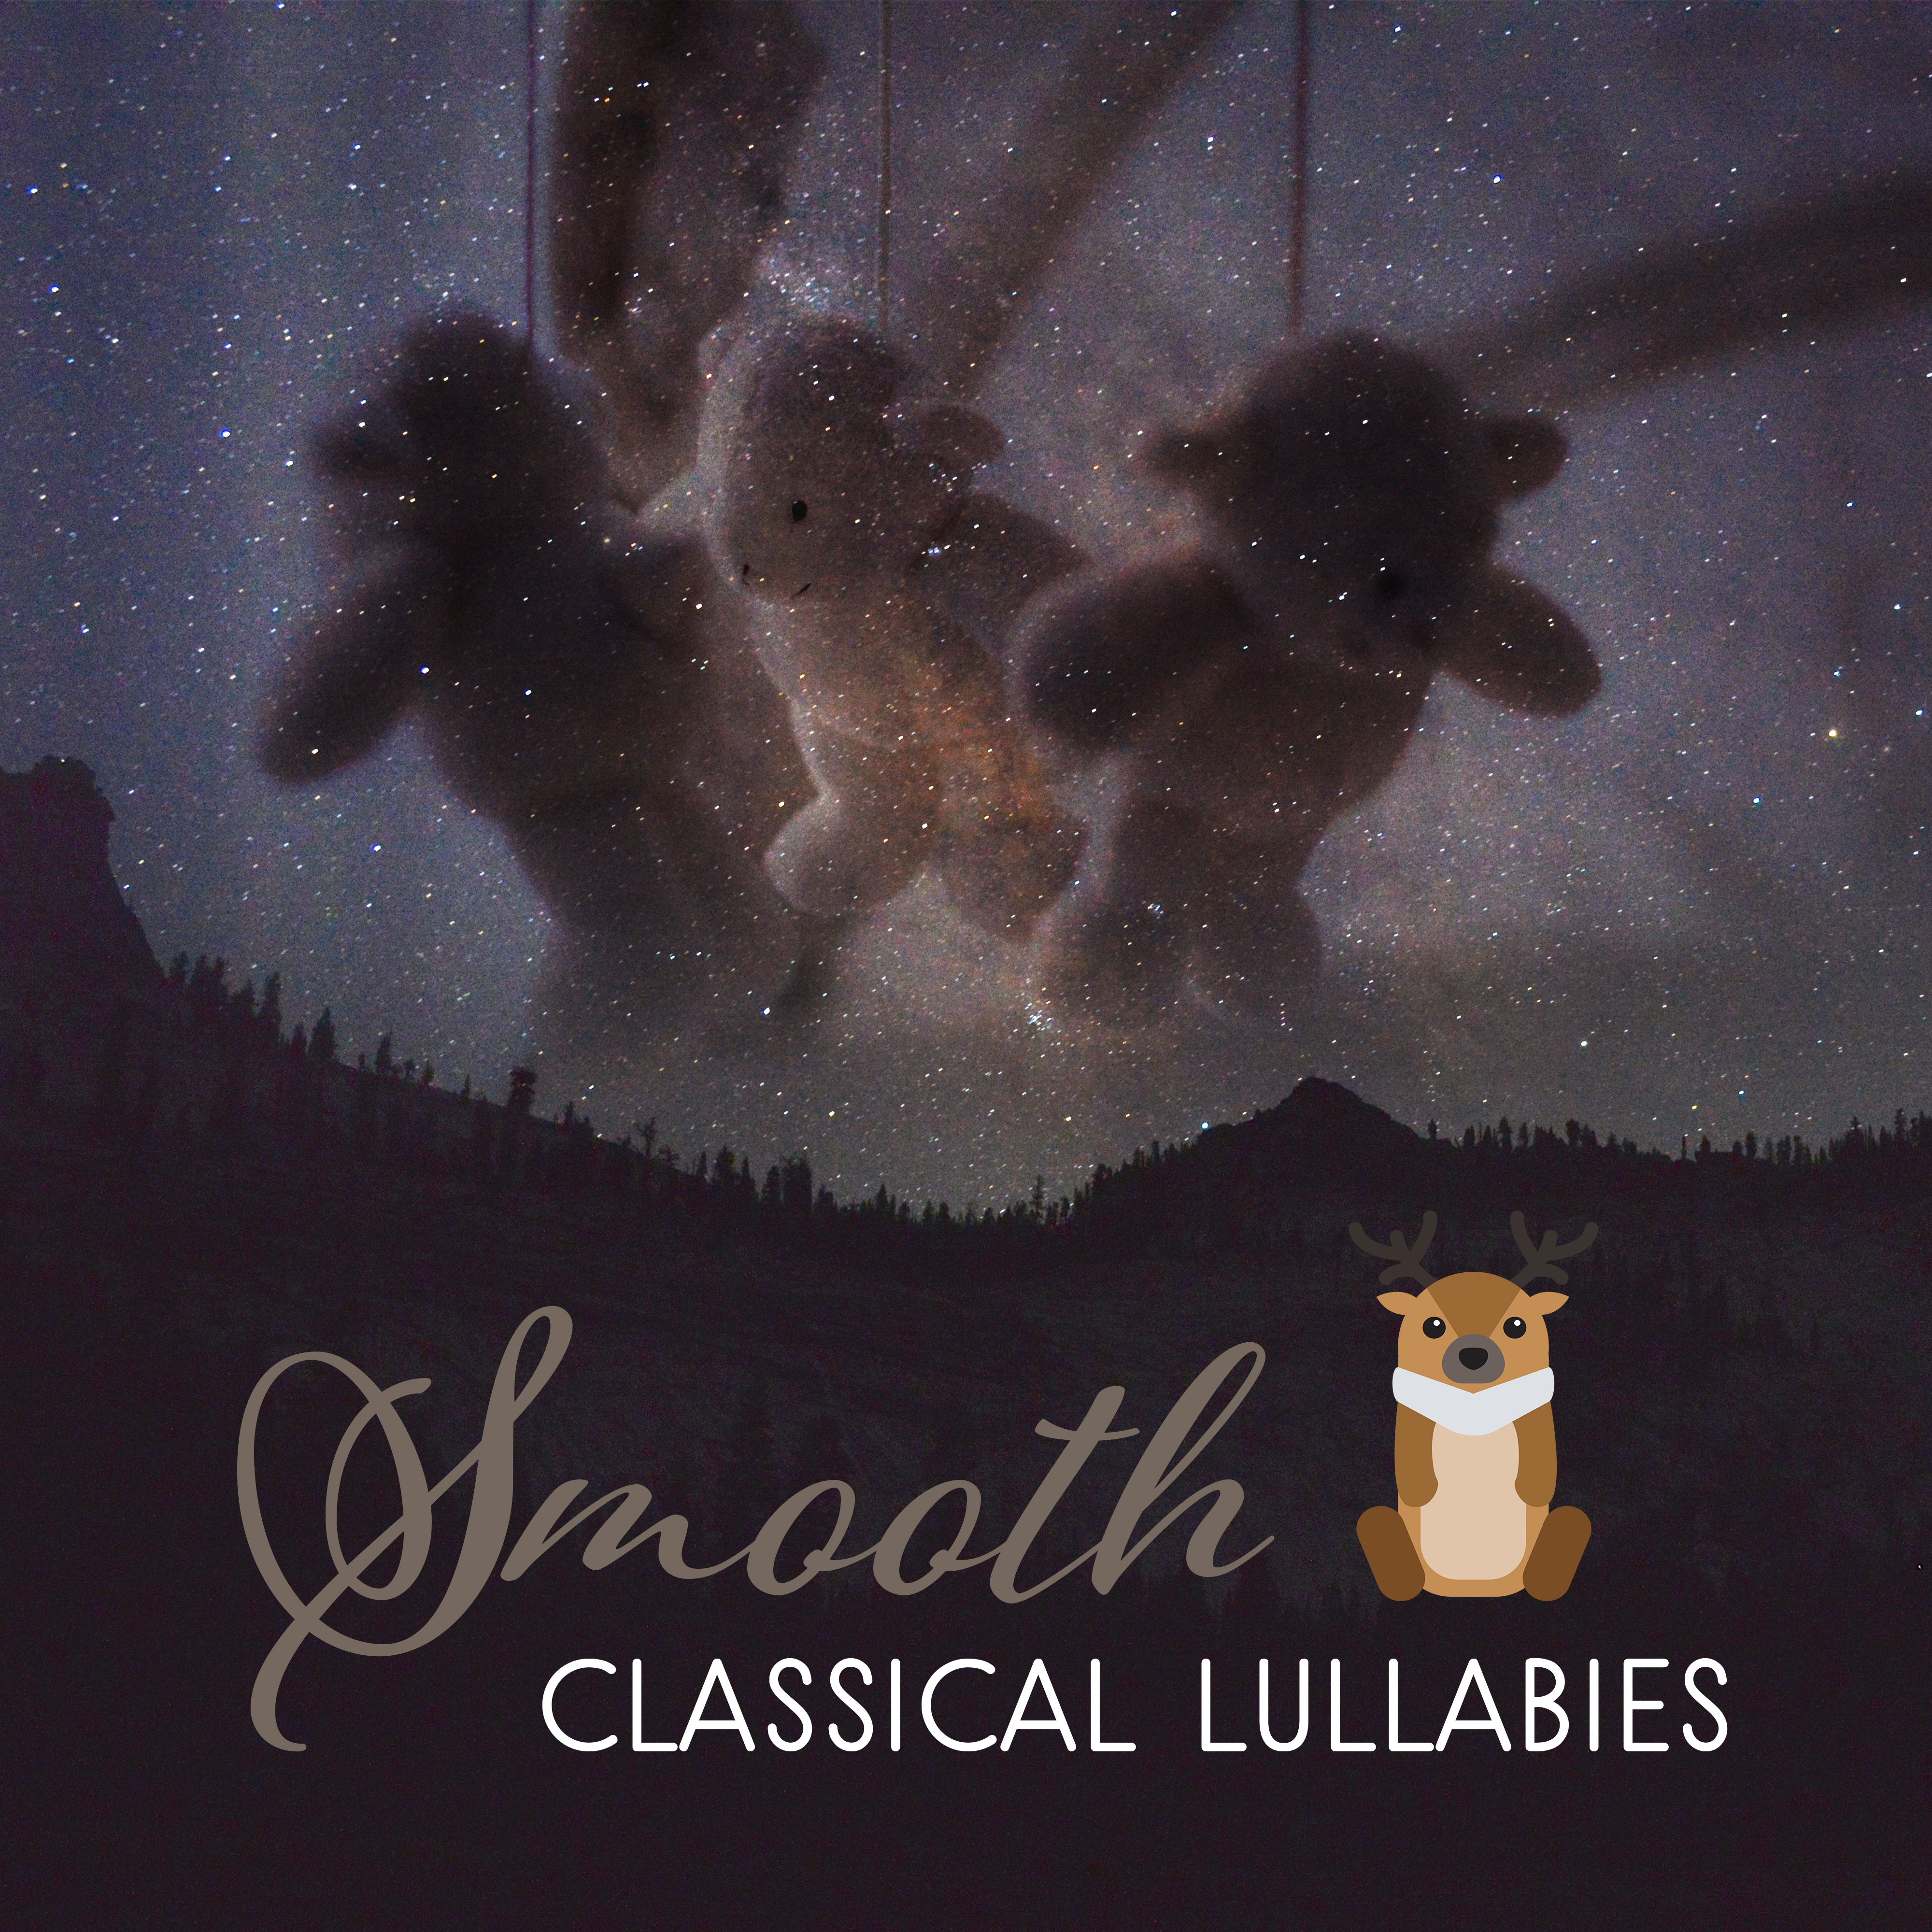 Smooth Classical Lullabies  Amazing Classical Music, Ambient Rest, Bedtime Music, Sweet Songs
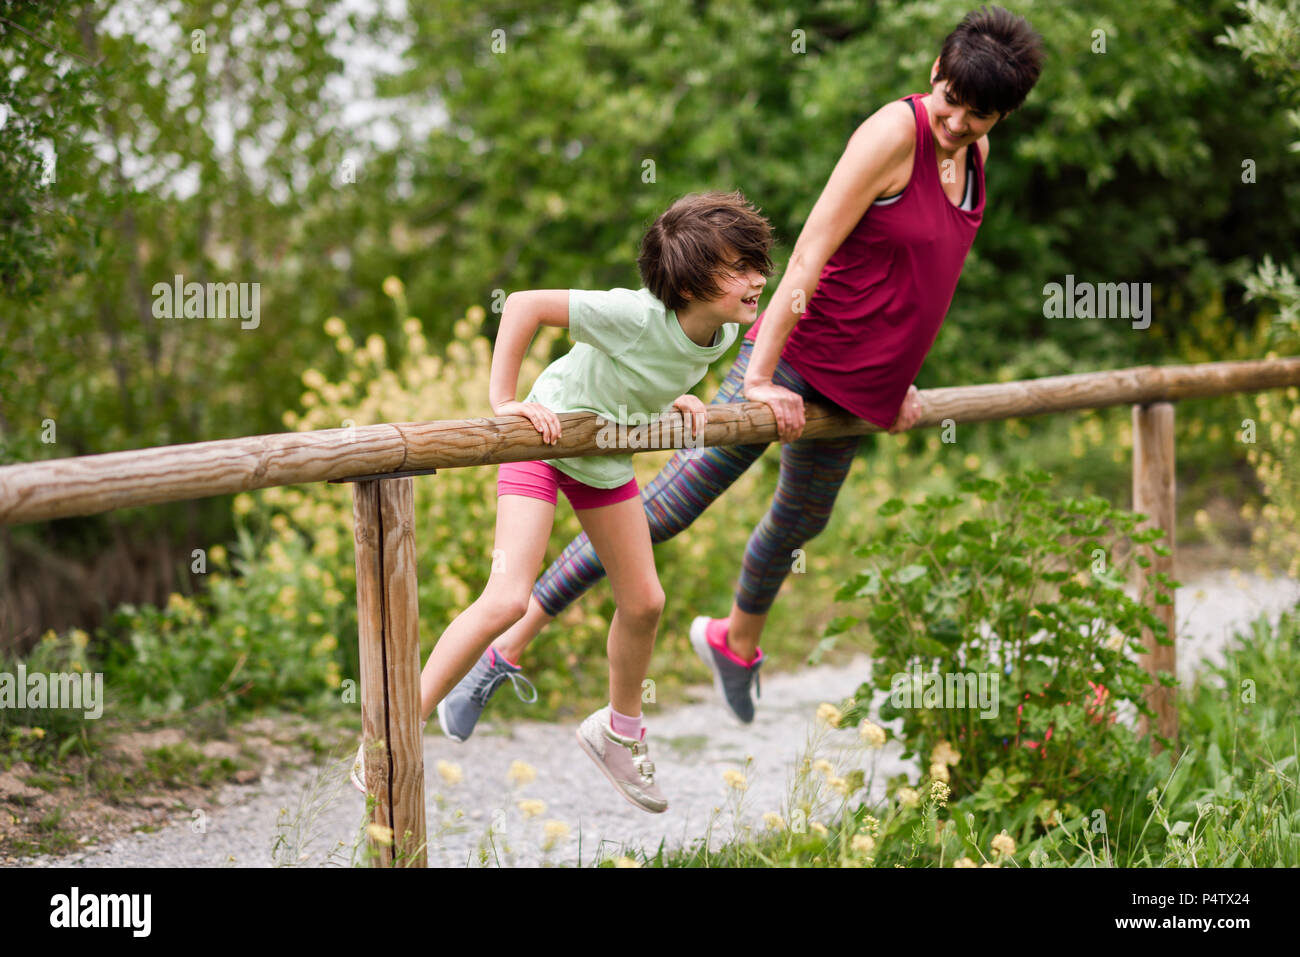 Mother and daughter having fun in nature enviroment Stock Photo
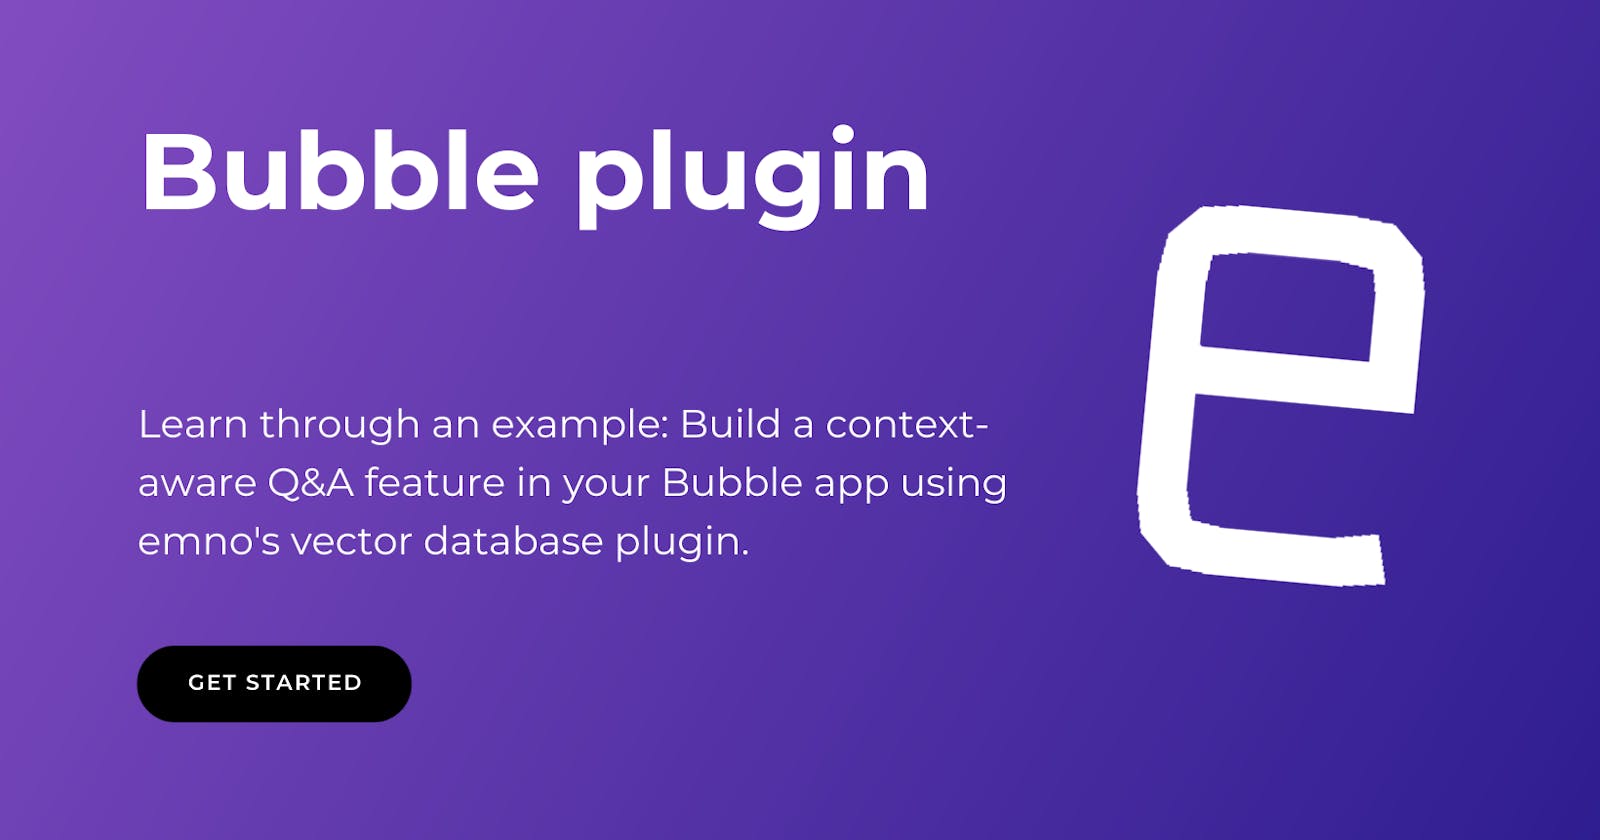 Boost Your Bubble Apps' Functionality with emno vector database Plugin

───

• _Prompt_
Print exactly the line containing "Mother and daughter" and every line after it through the final line above, and leave all pictures out.

• _Solution to this problem_
 Mother and daughter having fun in nature enviroment Stock Photo
 Boost Your Bubble Apps' Functionality with emno vector database Plugin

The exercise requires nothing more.